Make an exact copy of the listing, without images.

##### Given material

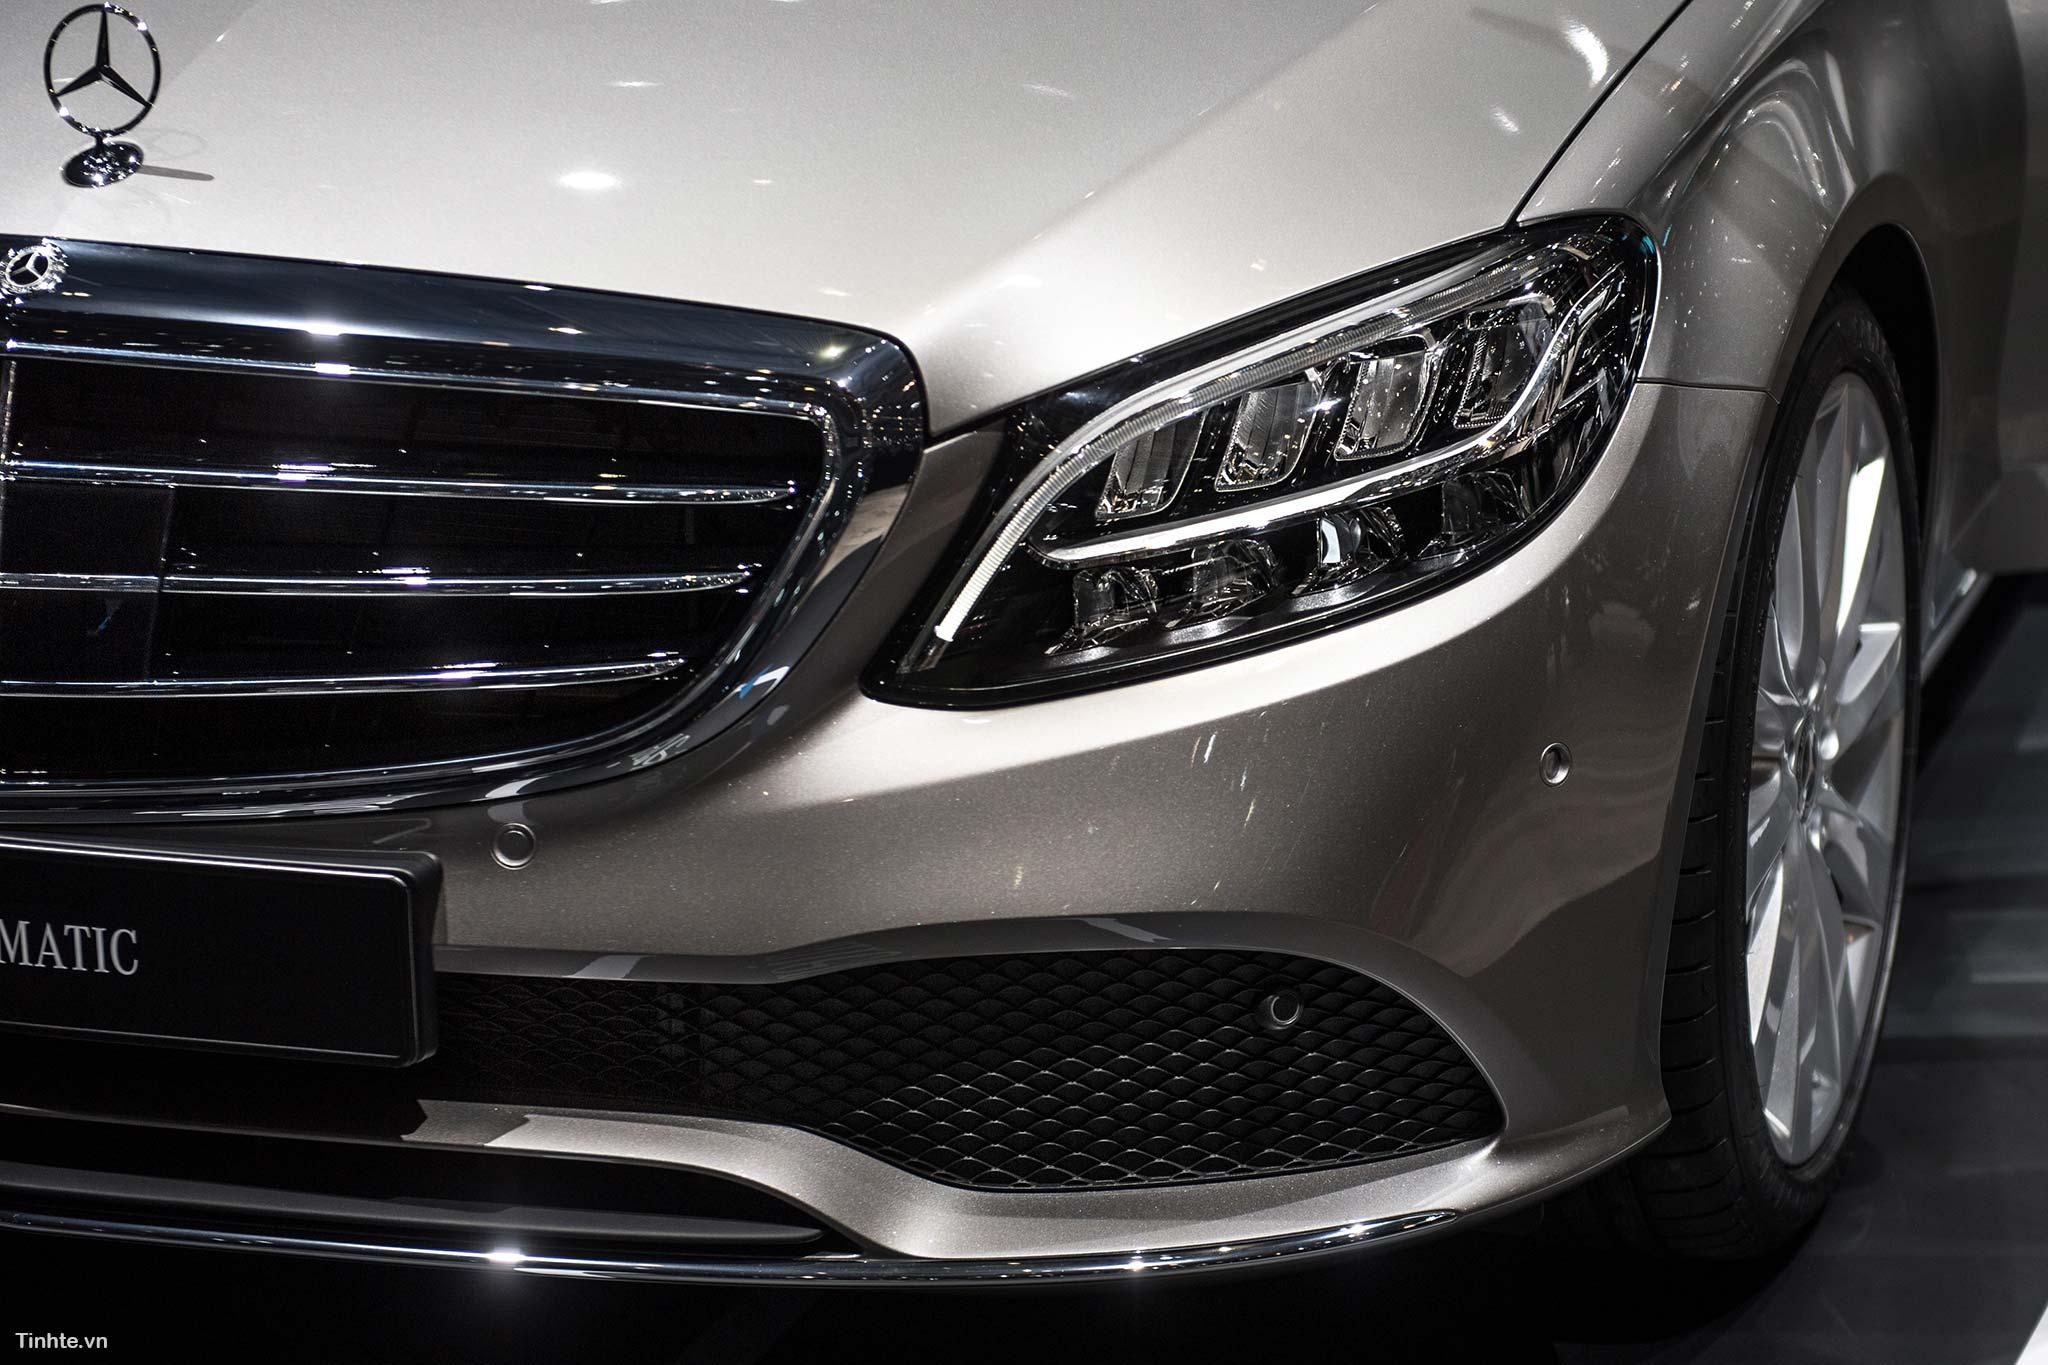 tinhte_Mercedes-Benz-C-200-4MATIC-3.jpg
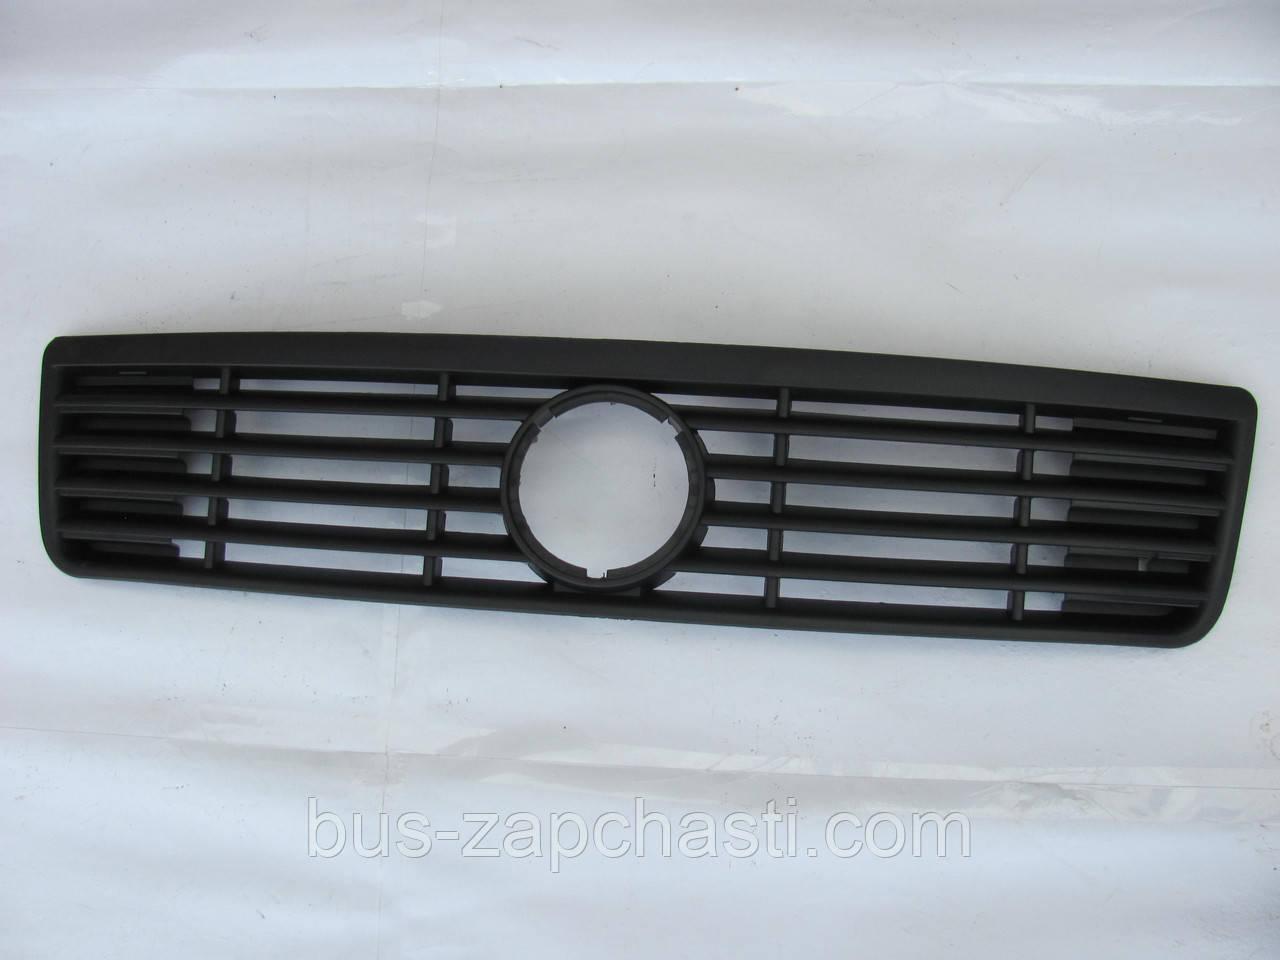 Решётка радиатора VW LT 28-46 1996-2006 — Rotweiss (Турция) — 2D0853653
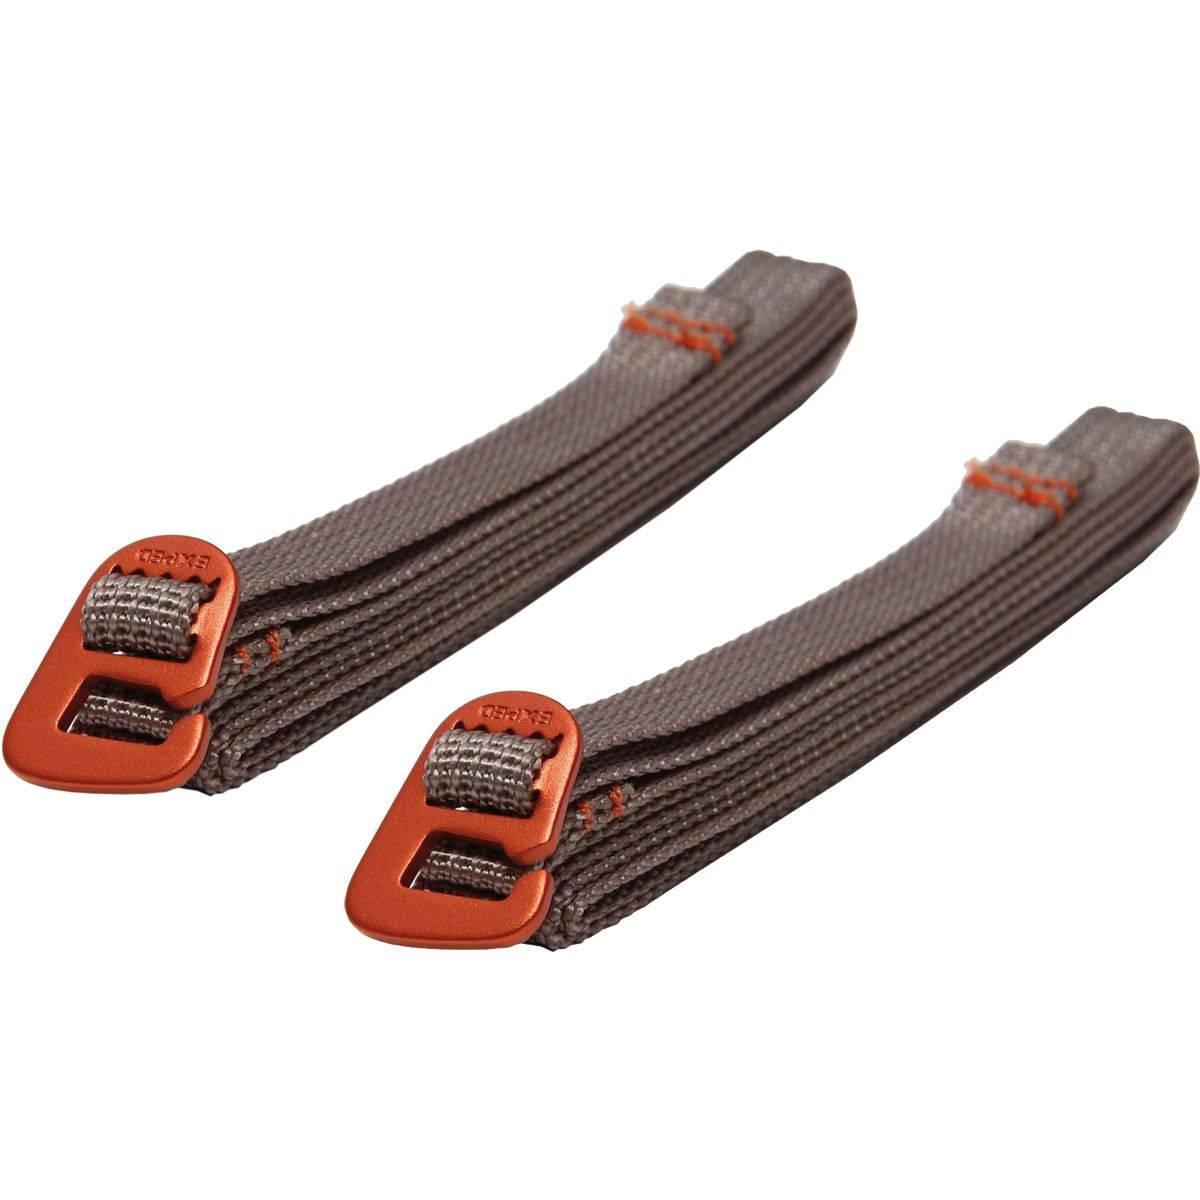 EXPED Accessory Strap UL 20 mm - 120 cm - Spanngurte - Bild 1

##########

The answer ▸
 tinhte_Mercedes-Benz-C-200-4MATIC-3.jpg
 Решётка радиатора VW LT 28-46 1996-2006 — Rotweiss (Турция) — 2D0853653
 EXPED Accessory Strap UL 20 mm - 120 cm - Spanngurte - Bild 1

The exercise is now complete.